Serving as a precursor to the two-dimensional problem presented in section 2b, an idealized 1D truncated Gaussian (Fig. 1, solid line) with 35 points is assumed to be the truth field. A single observation realization is created by adding white noise to the truth with the observation-to-background error variance ratio set to ¼ (0.25). The observations are sampled for a unique combination of five that yield the best analysis as defined by the lowest mean-square error (MSE) between the analysis and the true Gaussian. From Eq. (1), there are approximately 325 000 unique spatial combinations of five observations obtained from a single data realization (*q* = 35, *n* = 5). The first-guess field is set to that of the base of the function (Fig. 1, dotted line). For an optimal analysis, the analysis length scale is given by the background error decorrelation length scale. We ran 325-K analyses for each of the length scales of 2, 4, 8, and 16Δ*x*, where Δ*x* is the analysis grid spacing. In these simple experiments, the optimal observations cluster around the function peak with decreasing length scale. The best analysis, which occurs for the 4Δ*x* length scale (Fig. 1), places observations at the peak, within the gradient, and at points where the gradient changes (referred to hereafter as anchor points).

To gauge the representativeness of the observation selection, 10 additional realizations are generated, each with a single observation set and 325 000 analyses, using the same error ratio (Fig. 2, bottom 10 rows). Each row represents the observation locations for the best analysis of each realization. Of these, 50% of the observations were located at anchor points; 26% and 18% within the peak and homogeneous regions, respectively; and 6% at the gradient (inflection) points. If the observation error is reduced from 0.25 to 0.05, the percentage of anchor points retained by the direct method remains close to 50%, while all but one of the gradient points are selected in the three realizations shown (Fig. 2, top 3 rows). For this case, no observations are retained in the peak region.
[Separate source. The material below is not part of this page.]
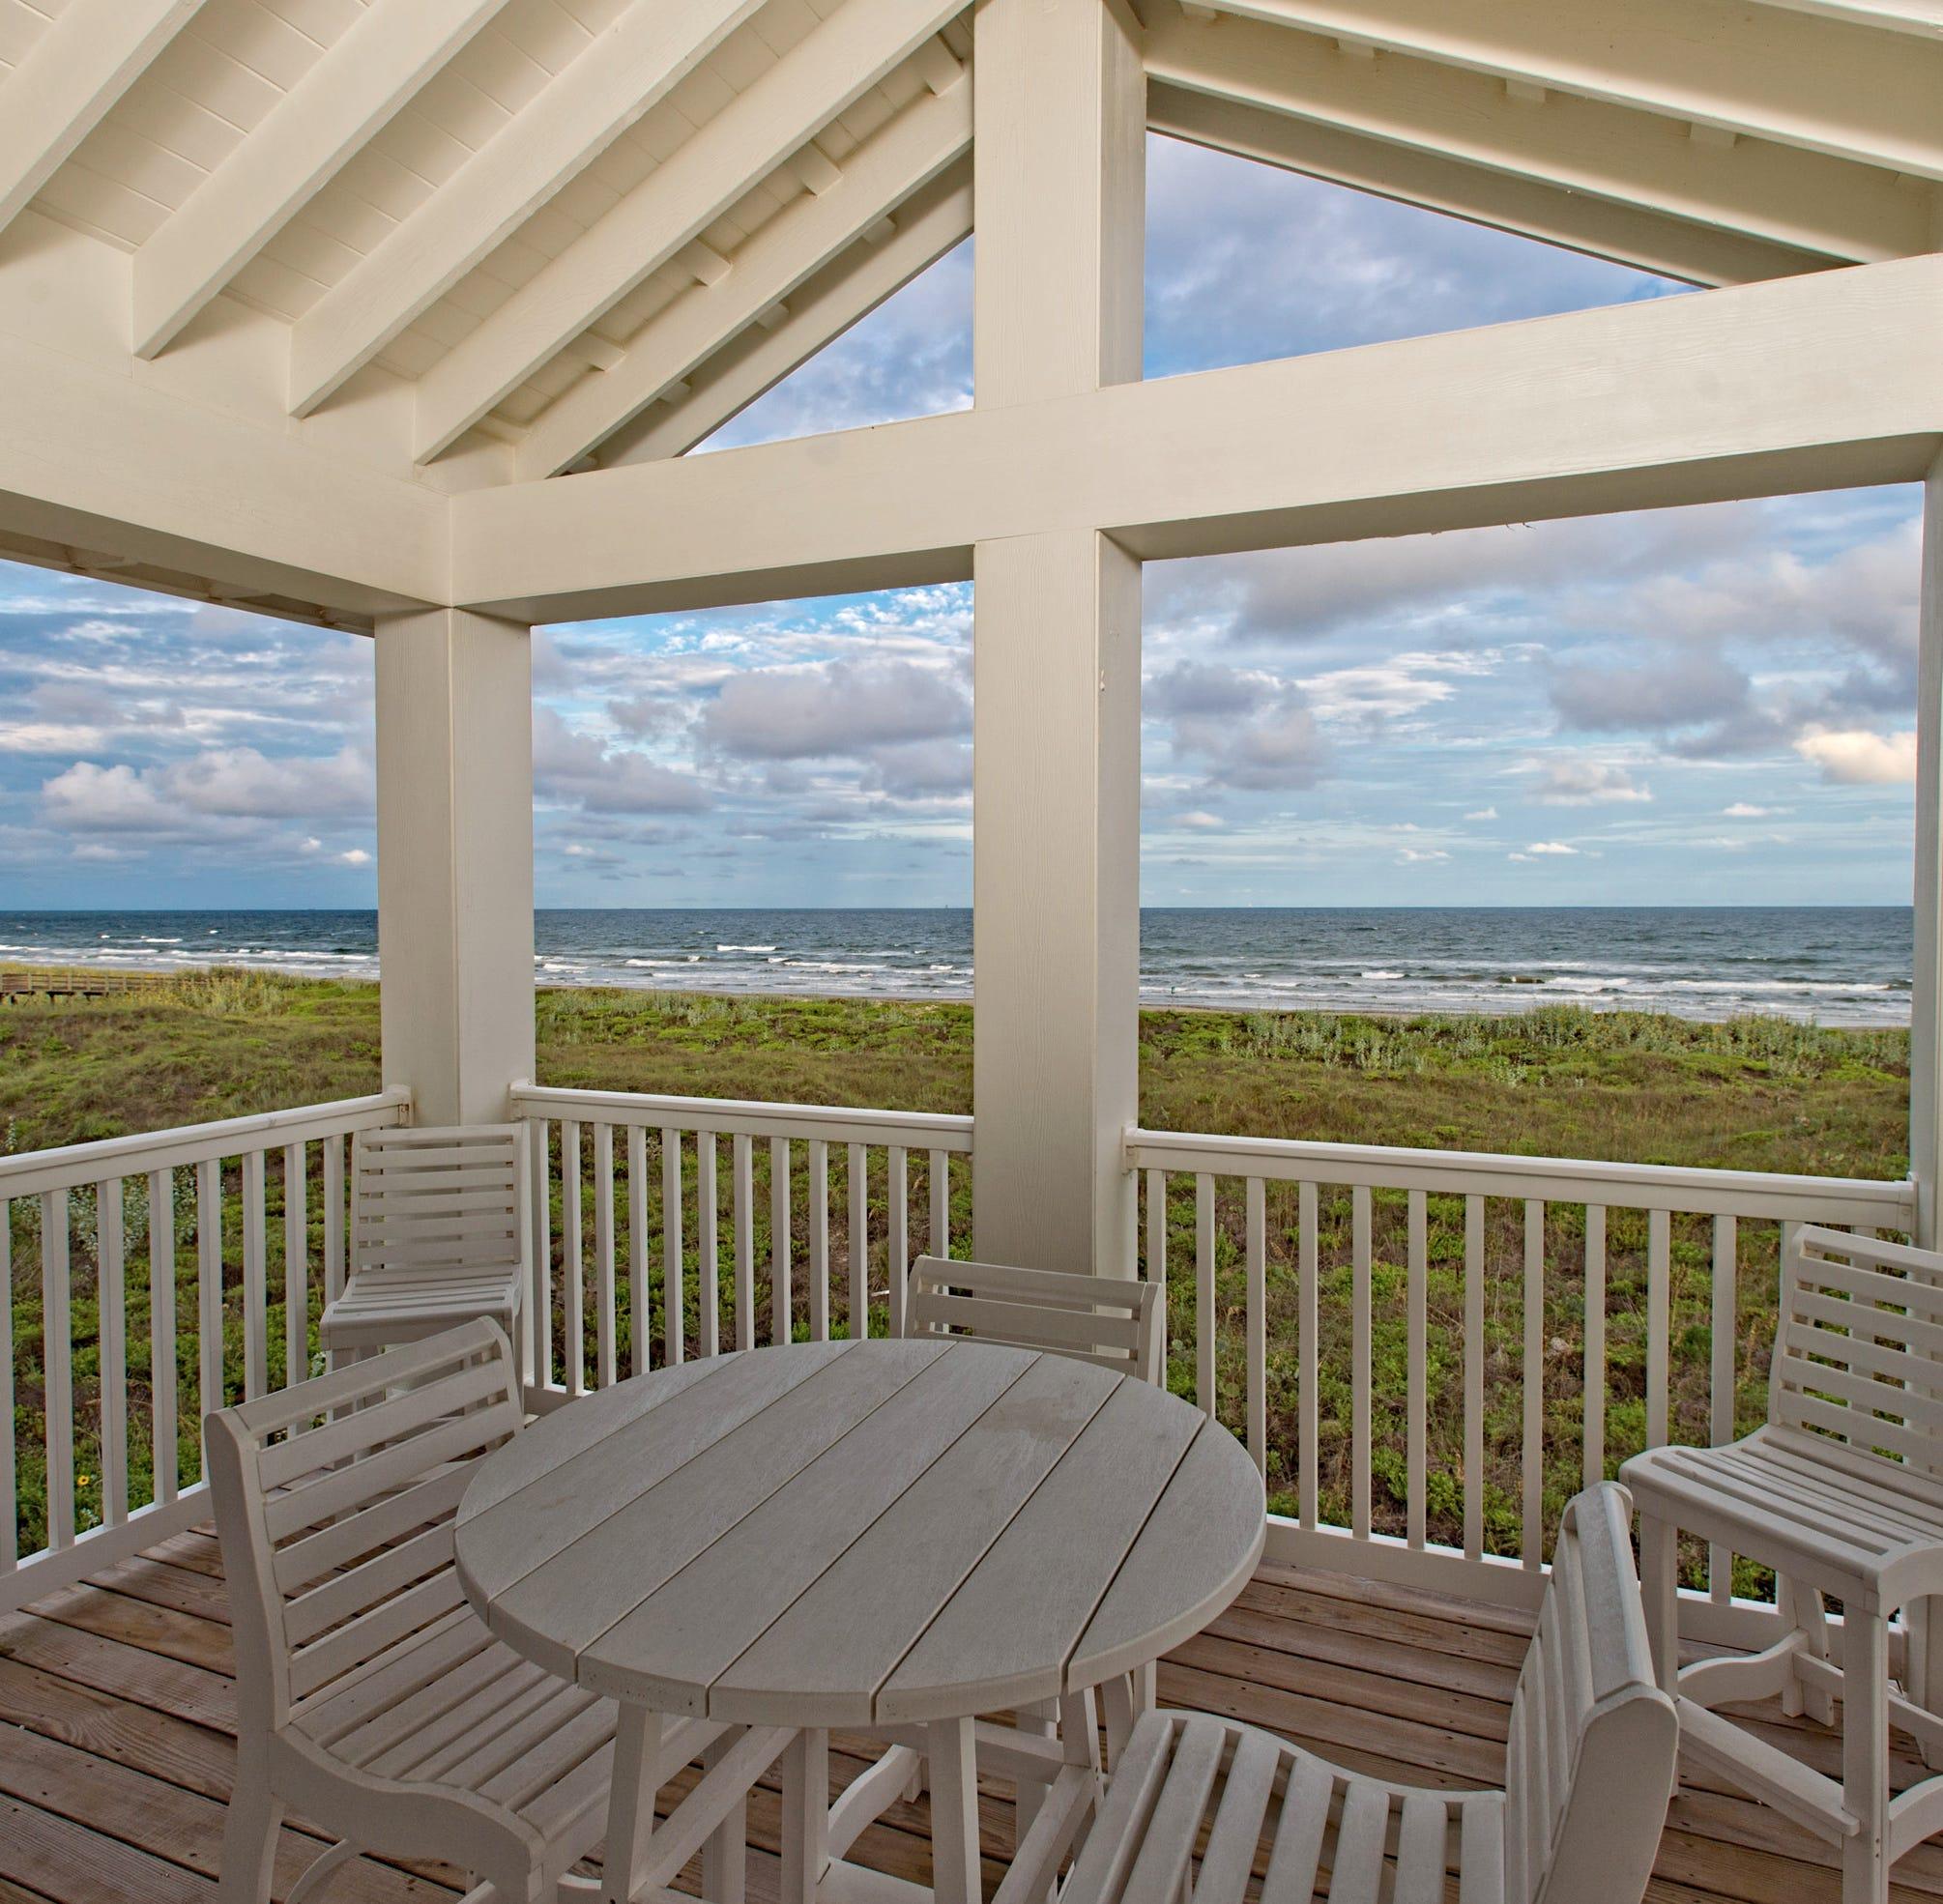 Sunday Homes: Seaside Drive in Cinnamon Shore

DBDT observation selections from the “best” analysis (lowest MSE) and for 100% TFP with no observation error are also shown in Fig. 2. The best analysis observation subset is chosen from more than 70 realizations in which the retention percentage of one of the sampling methods is systematically varied while holding the other two fixed. Although the retention percentages selected were 50% for gradient, 5% TFP and, 45% homogeneous, in reality, 40% (60%) of the observations selected are TFP (homogeneous). In contrast, for the 10 realizations with an error variance ratio of 0.25, the DIRECT method selects on average 5%, 50%, and 45% gradient, TFP, and homogeneous observations, respectively. Hence, for the same retention percentages, DBDT yields fewer than the desired number of anchor points due to the large observation error. In the absence of observation error, DBDT has no difficulty identifying TFP points (100% TFP; Fig. 2). Hence, in the presence of a low signal-to-noise ratio, simple thinning may be the best option.
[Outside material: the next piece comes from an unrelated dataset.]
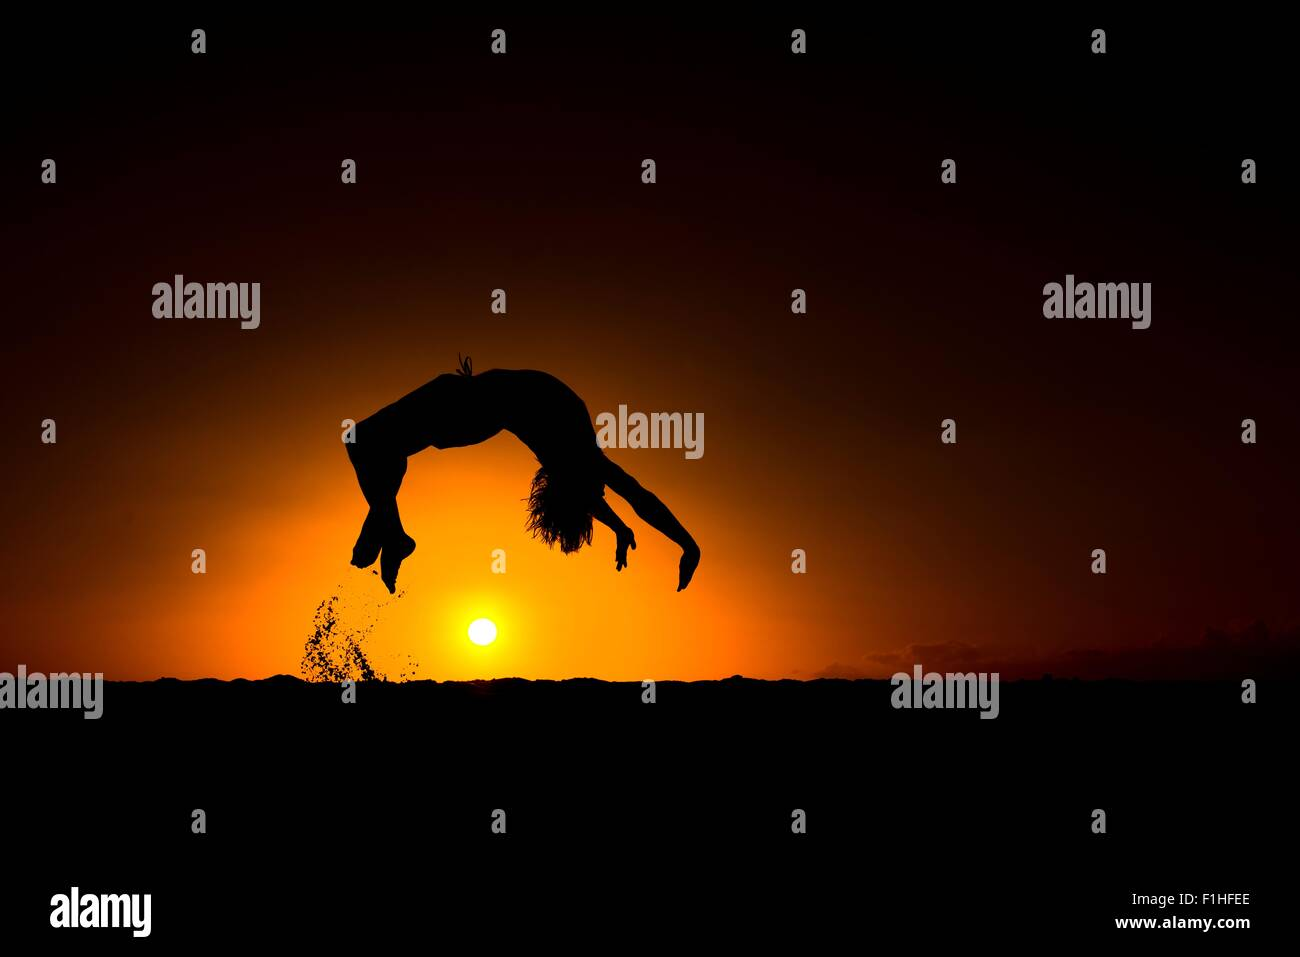 Silhouette of man doing back flip, at sunset, Omakaha, Oahu, Hawaii - Stock Image

We examine the impacts of the quality of the background field on the observation selection by improving the first-guess field by replacing the constant value with a smoothed version of the truncated Gaussian. The number of retained anchor points increases to 85% of the selected observations with 10% in the peak and 5% in the homogeneous regions (Fig. 3). Interestingly, there are no gradient points selected for these cases regardless of the observation error. In the gradient regions, observations add little in the way of analysis information because of the improved first guess. Conversely, the increase in the number of anchor points selected reflects the addition of key observations at the base of the truncated Gaussian where there are now large differences between the observations and the first-guess field. These results suggest that, within the context of data assimilation, a more robust thinning approach should consider innovation space.

Five observations are also selected via a simple thinning approach in which every seventh observation is retained from the full data, using seven unique subsampled datasets generated from the same set of full observations. Again, the background field is equal to the base value of the function. The MSEs for both the direct and simple thinning are shown in Table 1. For the simple thinning, the brackets denote the spread in the analysis MSE from the seven unique subsampled datasets while, for the direct method, the brackets represent the range in the optimal MSE from the 10 observation realizations shown in the bottom rows of Fig. 2. The analysis MSE for the direct method is substantially less than that obtained from simple thinning. Figure 4 shows the lowest analysis MSE (optimal thinning) versus the number of retained observations for the direct method for an analysis length scale of 4Δ*x*. The analysis error asymptotes near five observations for these simple experiments, *suggesting that a 15% observation retention rate is sufficient to retain much of the full data analysis fidelity*. Assuming that observation errors are uncorrelated, the number of observations for which there is a steep increase in analysis error will depend, in part, on the wavelength of the feature and will shift toward greater (fewer) observations as the wavelength of the feature decreases (increases). The simple thinning mean and standard deviation are provided (Fig. 4, the open square and error bar). While the direct approach is expensive and thus impractical, an observation thinning strategy should, at the very least, yield a lower MSE than that produced via simple thinning.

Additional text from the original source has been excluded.